Software-defined networking: Taking the right path
By Bernadette Noujaim Baldwin December 16, 2014
- SDN delivers ‘programmability’ to the data centre and corporate networks
- Be an early adopter, find the right partner, but also be prudent in your approach
VIRTUALISING server and storage resources to run private and hybrid clouds is an increasingly entrenched practice among Asia Pacific businesses and government agencies.
To empower greater capability from our robust and resilient networks, organisations are looking towards these new technologies to aid the reduction of costs and assist with boosting application performance and availability.
Empowering greater capability helps enables technology and business decision-makers who want to use cloud applications and services to take advantage of workforce mobility, the Internet of Things (IoT), and surging data volumes.
But how can technology decision-makers help enable innovation and exploit the cloud environments?
The answer is software-defined networking (SDN).
SDN broadly applies the same model to networking, as virtualisation and the cloud applies to servers and storage in the data centre, delivering programmability to the data centre and corporate networks.
Organisations can use SDN to dynamically allocate network resources based on application needs, and better manage network performance and service quality.
The technology is already in use in many data centres to support cloud projects, its extension into the corporate wide area network (WAN) and campus is still at the fledgling stage, but with significant growth predicted in the years ahead.
In fact, IDC predicts the global market for SDN to grow from US$960 million in 2014 to more than US$8 billion in 2018.
So how should businesses embrace the opportunity presented by SDN? The answer is to apply the same rigour as to all new technologies, including mitigating risks to security, performance and availability.
Be an early adopter
Launching an SDN project today will help enable organisations gain an edge over their competitors. IDC notes that 2014 to 2016 is going to be a “significant launch point” for SDN in the enterprise, indicating those businesses that fail to get on board over the next few months risk being left behind.
Organisations that become early adopters stand to reap the rewards. For example, as the market is still immature they can work with providers to influence the development of SDN standards, functionality and services, helping to ensure their platforms are setting the industry standard, not following it.
Select the right partner
Selecting the right partner is one of the most important decisions organisations can take when undertaking SDN projects.
For instance, software-defined networking providers born outside the legacy networking market may have a more innovative, dynamic culture than traditional vendors more suited to today’s business needs.
The right partner may also be open to including organisations in discussions over products and services, taking a flexible approach to costs and including early adopters in pilot programmes, ensuring the services delivered are exactly what’s needed.
Additionally, making a good selection assists businesses to avoid having to invest resources in second or third attempts at software-defined networking while seeing their competitors move ahead.
Weigh up the risk
Teams should start by investigating SDN, including trialling the products of incumbent and new vendors.
As alluded to earlier, they need to conduct due diligence on their suppliers to help ensure they are complementary from a cultural and product perspective.
For an SDN project, a generic infrastructure upgrade is not enough to justify the investment. Organisations need to develop and justify cases for software-defined networks to support specific projects or initiatives. These cases should go beyond cost savings and efficiencies to include new revenue opportunities.
A thorough testing programme is also required to determine whether a product fulfils the vendor’s promises and is compatible with an organisations’ technology environment.
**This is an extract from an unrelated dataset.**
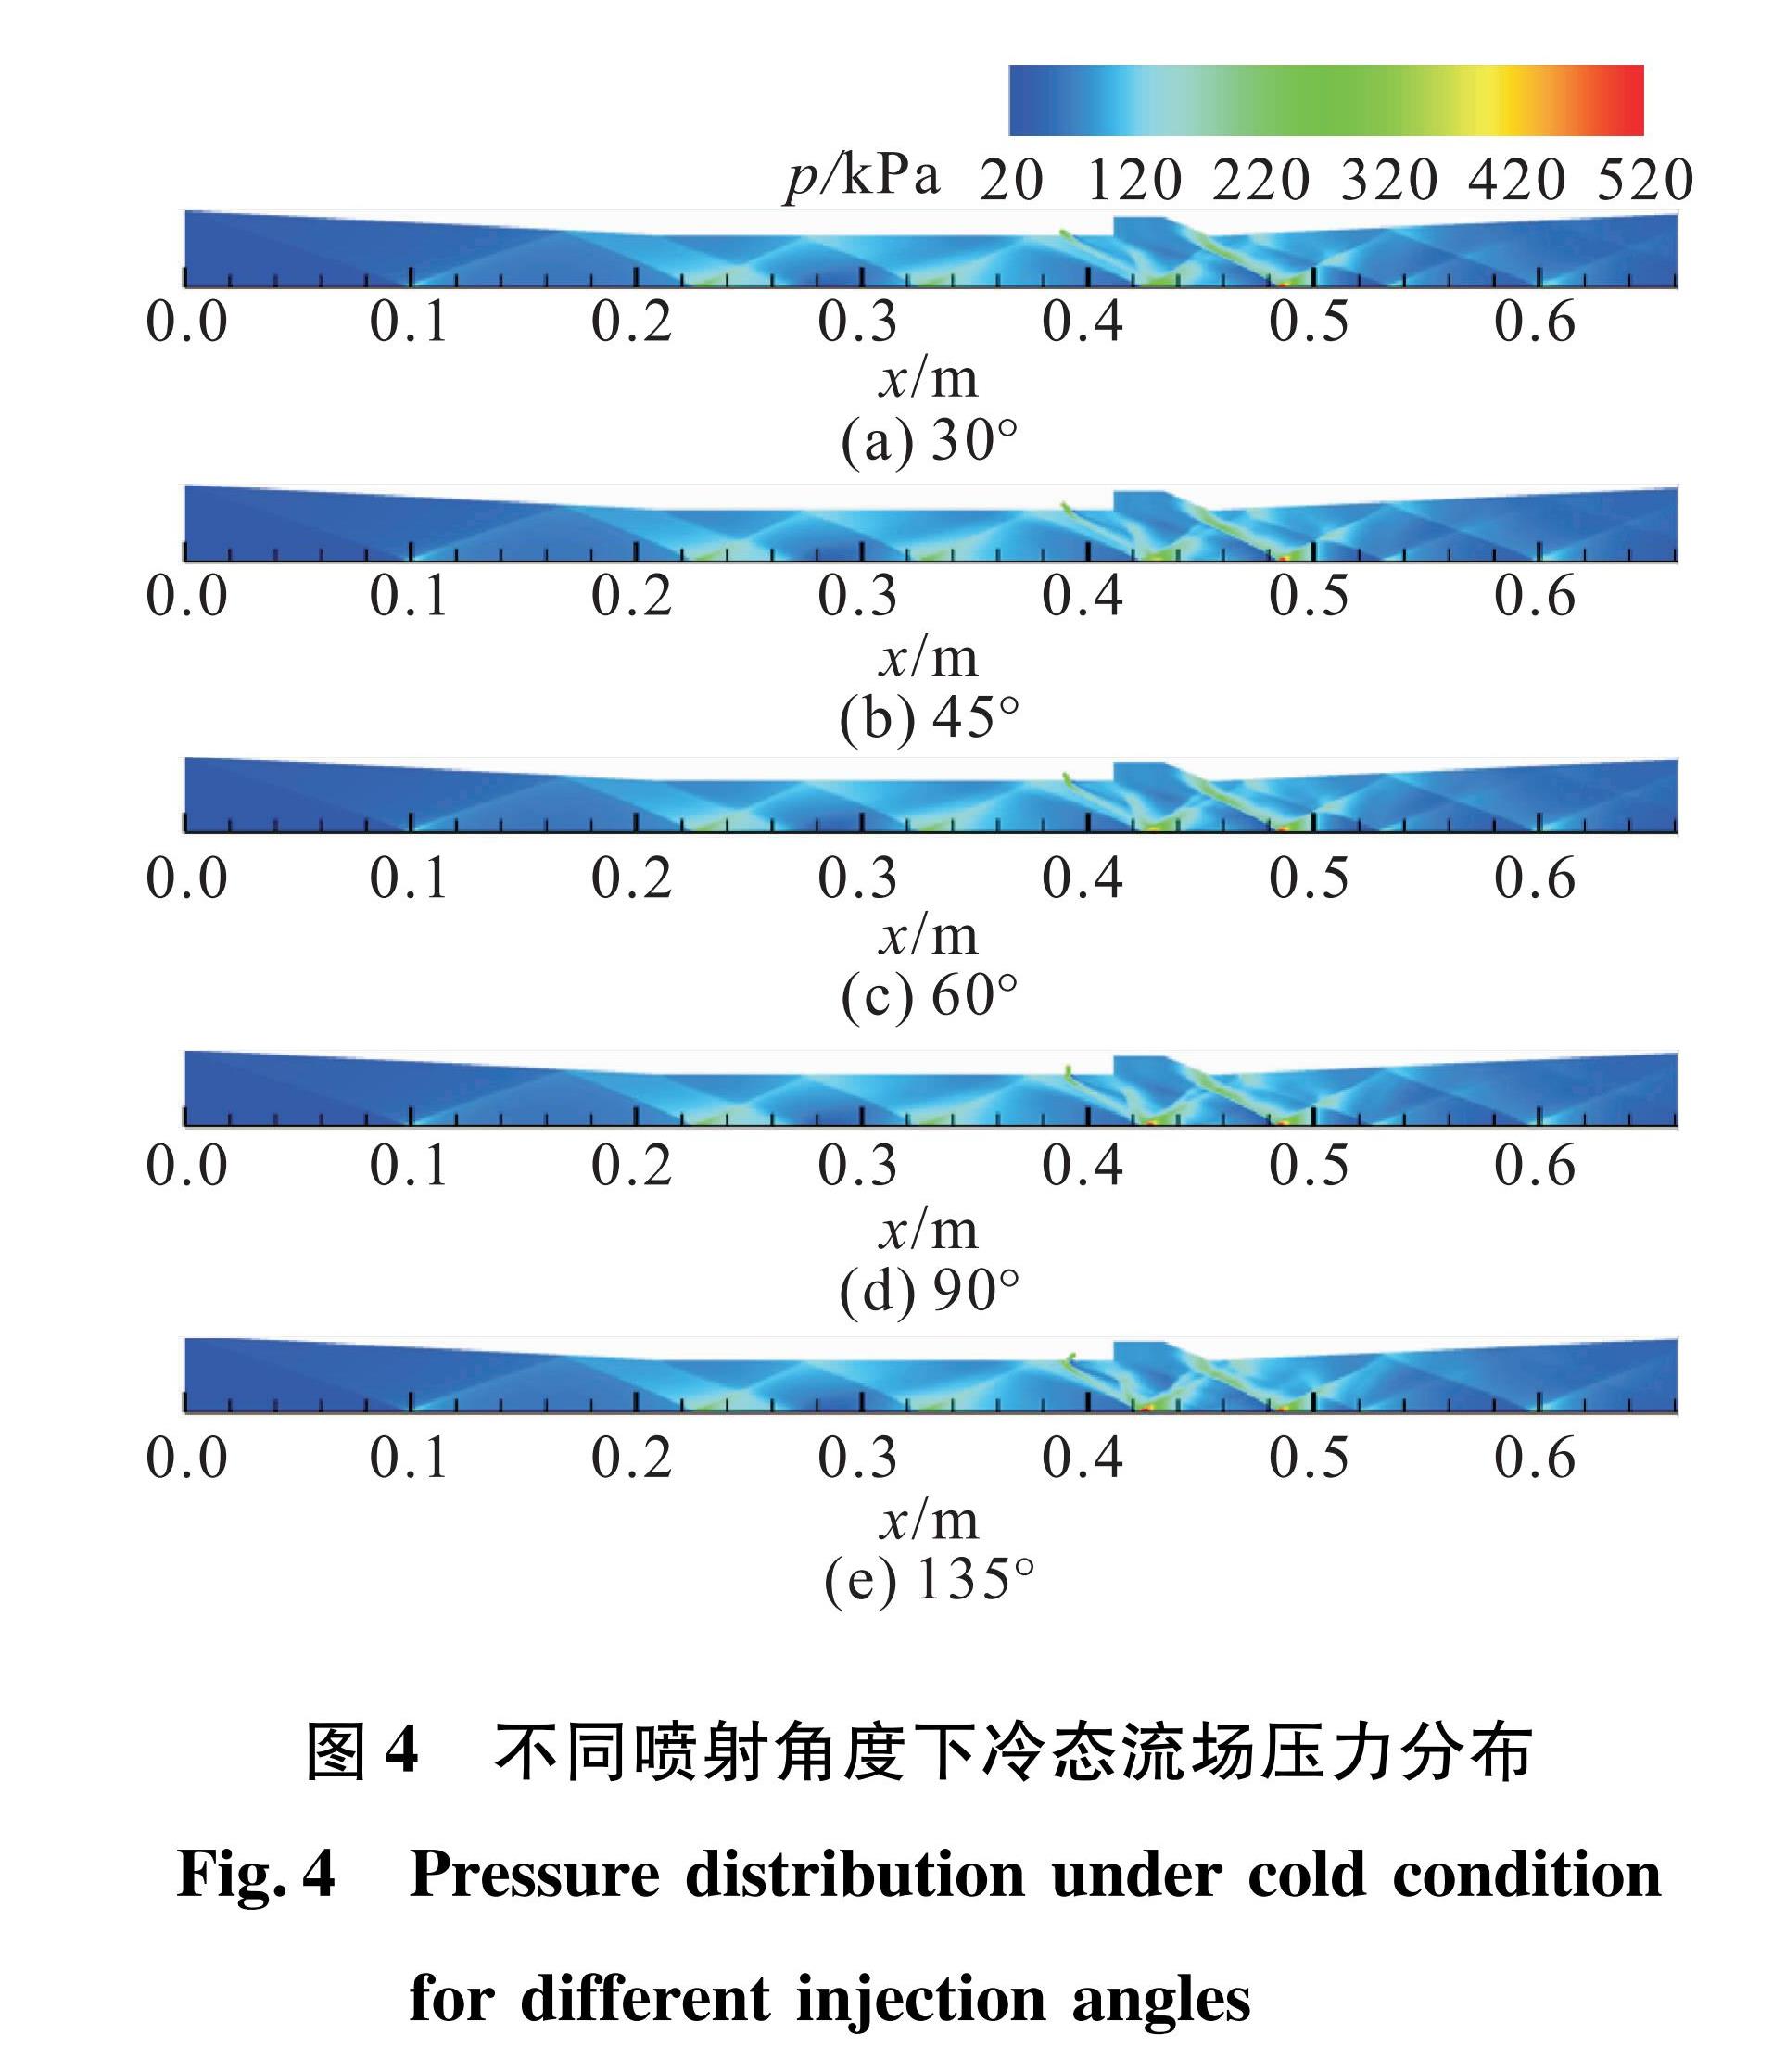 图4 不同喷射角度下冷态流场压力分布<br/>Fig.4 Pressuredistribution under cold condition for different injection angles
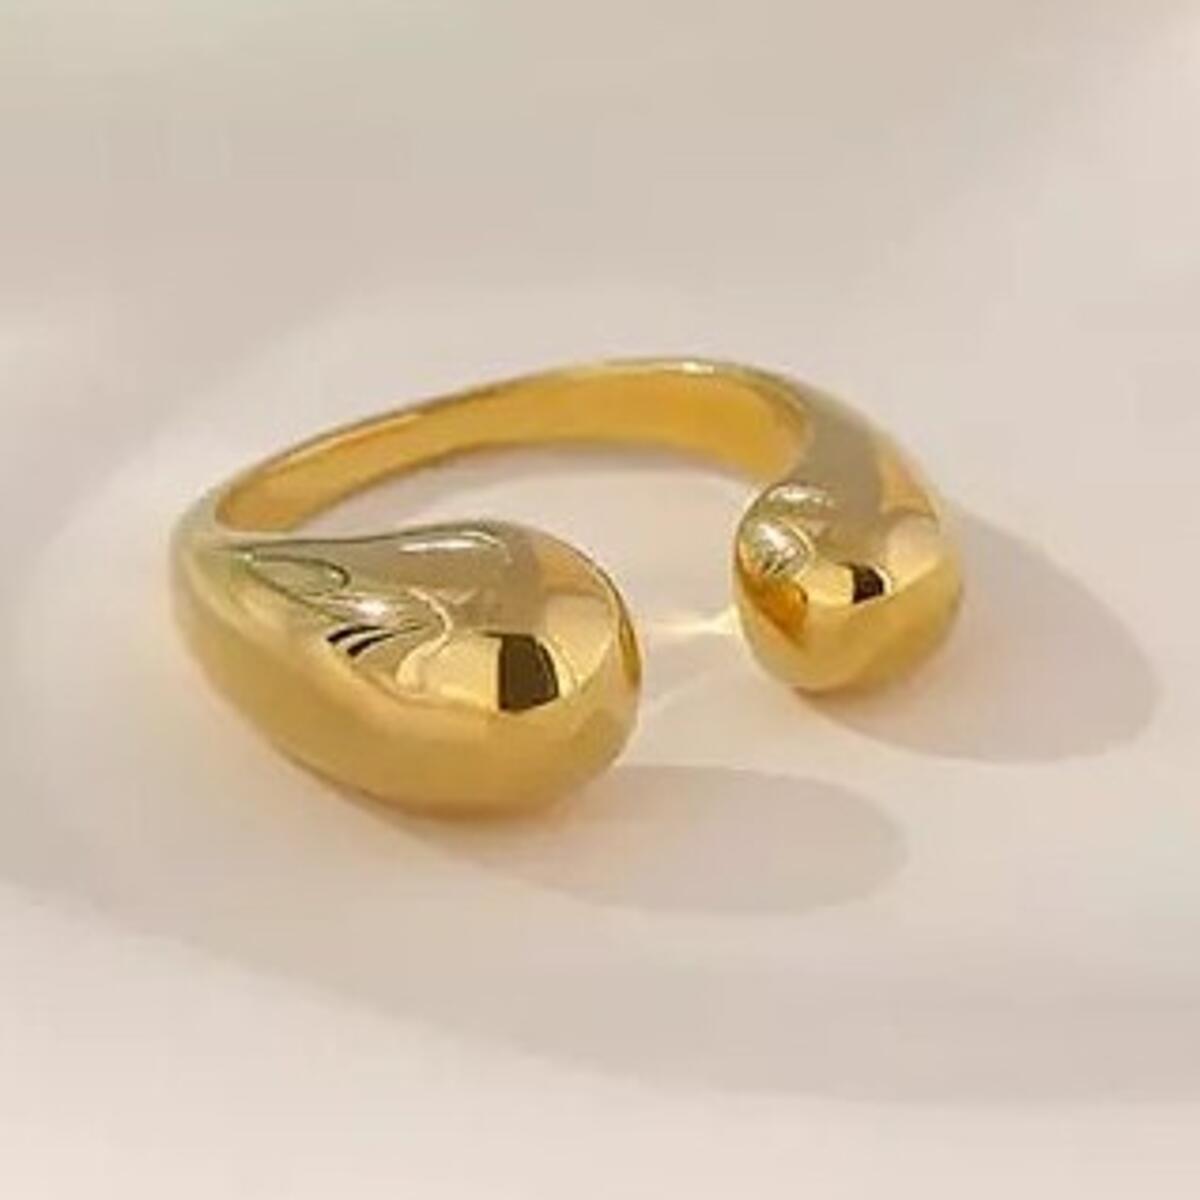 Elani Ring Gold R3332D

Finally, organisations need to take stock of legacy equipment and infrastructure, including associated systems and tools. Existing equipment should be run to the end of its life to minimise any risk of compromising returns on investments.
A prudent approach
For organisations looking to innovate to remain competitive in increasingly globalised markets, SDN facilitates the path to success.
The architecture dispenses with many of the limitations of conventional networks and supports unlocking the potential of surging data volumes and the IoT.
Those organisations that adopt a prudent approach to deploying SDN will be assisted in quickly launching new functionality and services to their customers while helping to reduce capital and operating costs.
Bernadette Noujaim Baldwin is head of Connectivity and Platforms – International, Global Enterprise & Services, Telstra.